Patrick knew they could leverage a programmer but hadn’t budgeted for the expense. He reached out to Daniel Trottier, Senior Director of IT Solutions, to see if there were opportunities to share a resource. From there, a partnership project was born.
By pooling resources, faculties and Information Technology now share a part-time resource to work on initiatives that can offer administrative optimizations and productivity improvements. The first initiative was to streamline pay verification.
Every month, in nearly every faculty and service, an employee devotes hours upon hours performing a manual verification of pay, many times using makeshift solutions like spreadsheets or personal databases. There were ways to streamline and automate this process; Senior Systems Manager (Faculty of Social Sciences), Sylvain Léonard, had already created a tool to bridge the pay verification gap at the Faculty of Social Sciences. Through some coordination and coding, the tool was adapted to work for all the faculties – a new Application Programming Interface (API) could feed information into this tool thereby eliminating the need for manual intervention.
In 2020, there were 24 pay periods. The manual verification of pay can take between a half- or full day for each pay period, per faculty. The equivalent of at least 120 to 240 days of manual work. Introducing productivity improvements provides operational efficiencies and improves the quality of verifications.
By working together, the IT community is delivering administrative efficiencies with greater agility.
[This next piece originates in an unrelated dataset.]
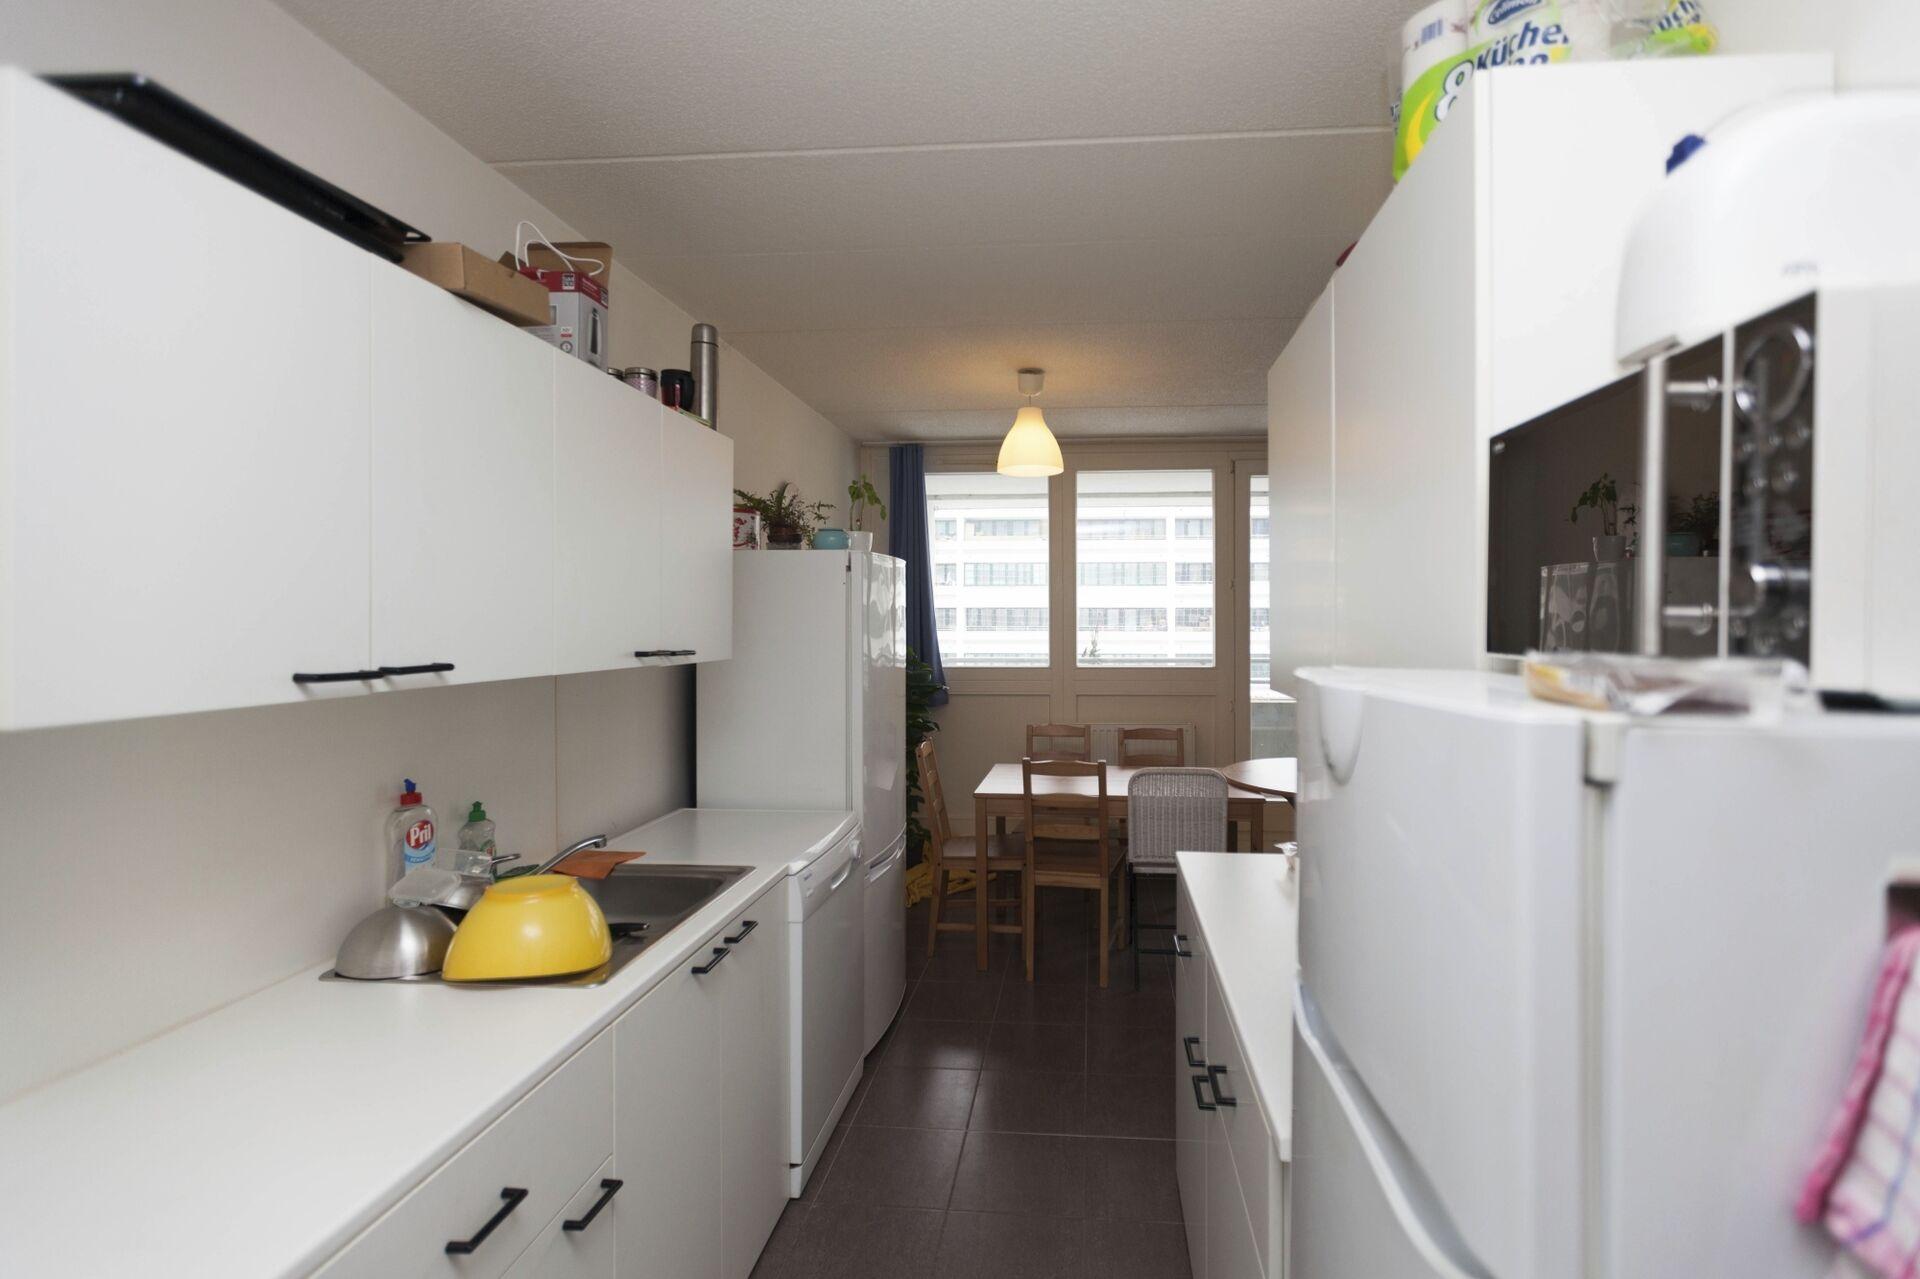 Wunderbar Obdach Küche Und Bar Fotos - Ideen Für Die Küche ...

A pilot project has already begun with Telfer School of Management and the Faculty of Health Sciences, after which, the tool will be rolled out to other faculties. As the project progresses, system requirements continue to be identified and added to the requirements for the tool. The opportunities to introduce improvements abound thanks to available resources and collaboration, as Patrick explains it, “It’s an opportunity for change to challenge the status quo.”